If $V$ is a vector space, the scalar product is a function $B:V \times V \to \mathbb{R}$ satisfying for all $u,v,w \in V$ and for all $\lambda \in \mathbb{R}$

1) $B(u,v)=B(v,u)$

2) $B(u+v,w)=B(u,w)+B(v,w)$

3) $B(\lambda u,v)=\lambda B(u,v)$

4) $B(u,u) \geq 0$ with equality if and only if $u$ is the neutral element of $V$ under addition.

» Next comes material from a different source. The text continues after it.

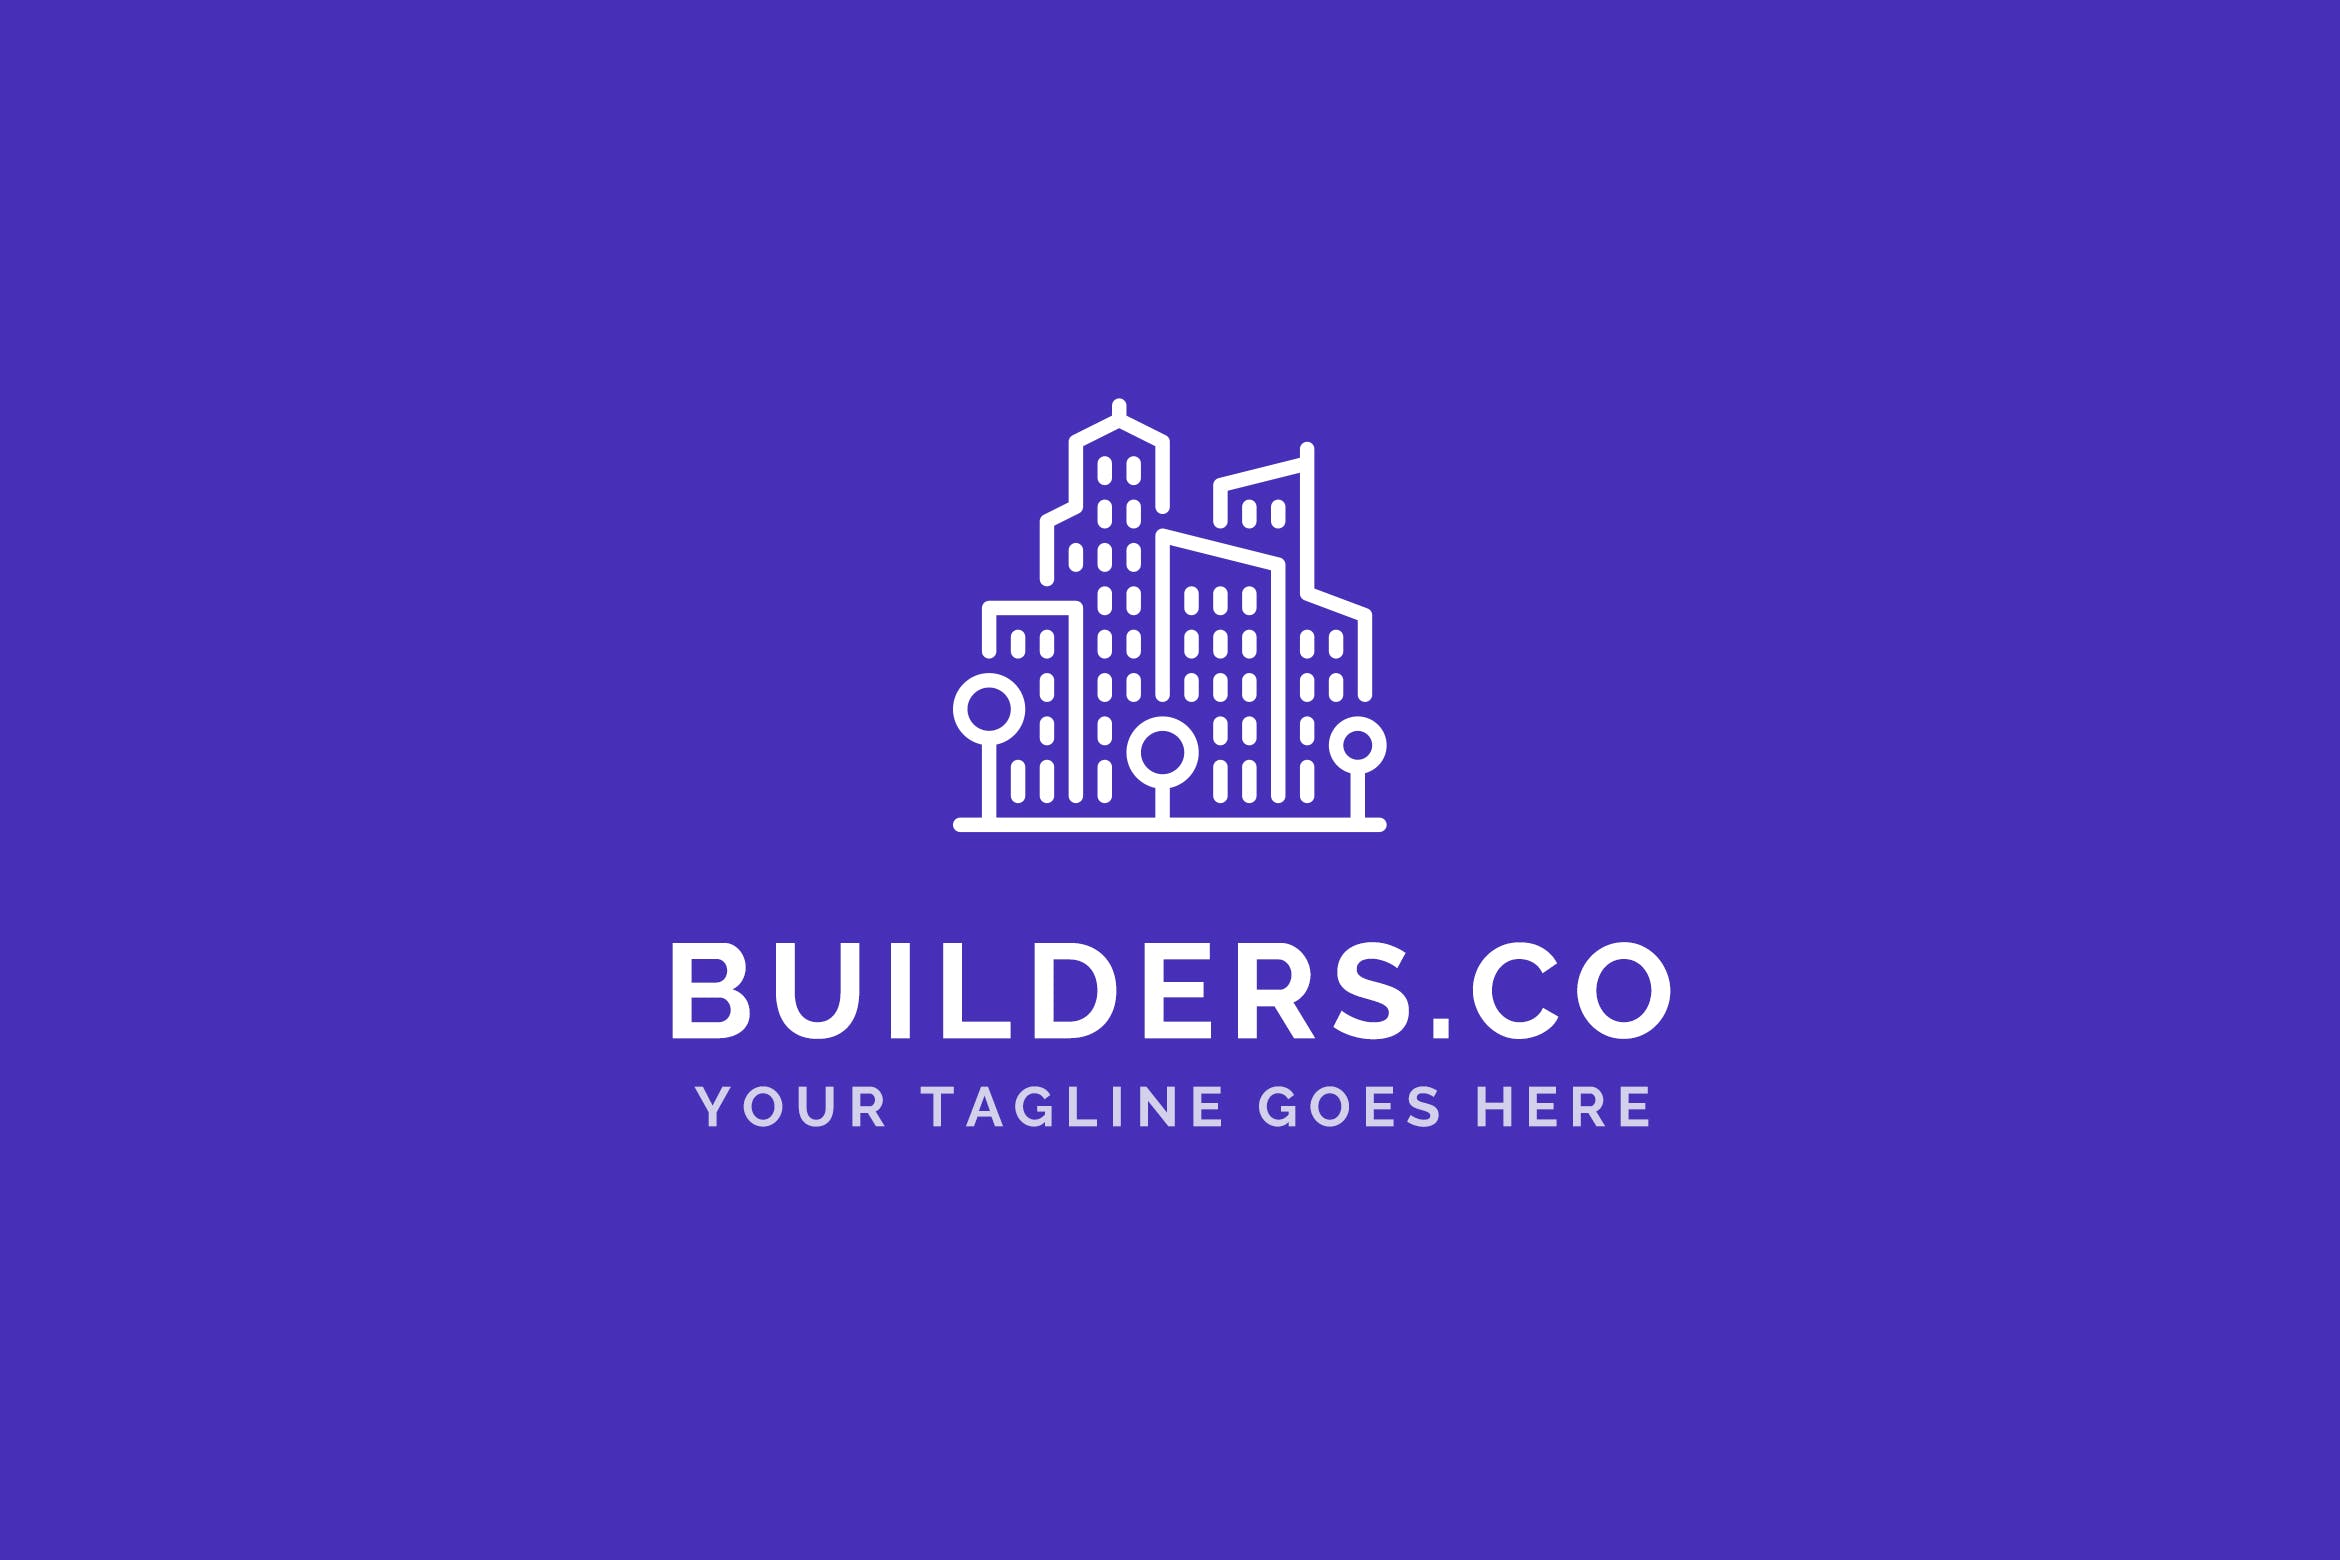 建筑基建/建筑设计策划公司Logo设计第一素材精选模板 Builders Co – Construction Company Logo Template插图

Then, if we define the norm a vector by $||v||:=\sqrt{B(v,v)}$, we obtain the Cauchy-Schwarz inequality : $$||u|| \cdot ||v|| \geq |B(u,v)|$$ The quite standard scalar product $B(u,v)= u_1v_1+\cdots + u_nv_n$ (where $u=(u_1,\dots,u_n)$ and $v=(v_1,\dots,v_n)$) gives us the non-trivial inequation $$({u_1}^2+\cdots+{u_n}^2)({v_1}^2+\cdots+{v_n}^2) \geq (u_1v_1+ \cdots + u_nv_n)^2$$ Here is my question : for the above inequality, we defined $B(u,v)= u_1v_1+\cdots + u_nv_n$. But do there exist other ways of defining the scalar product that would give us other interesting inequalities ?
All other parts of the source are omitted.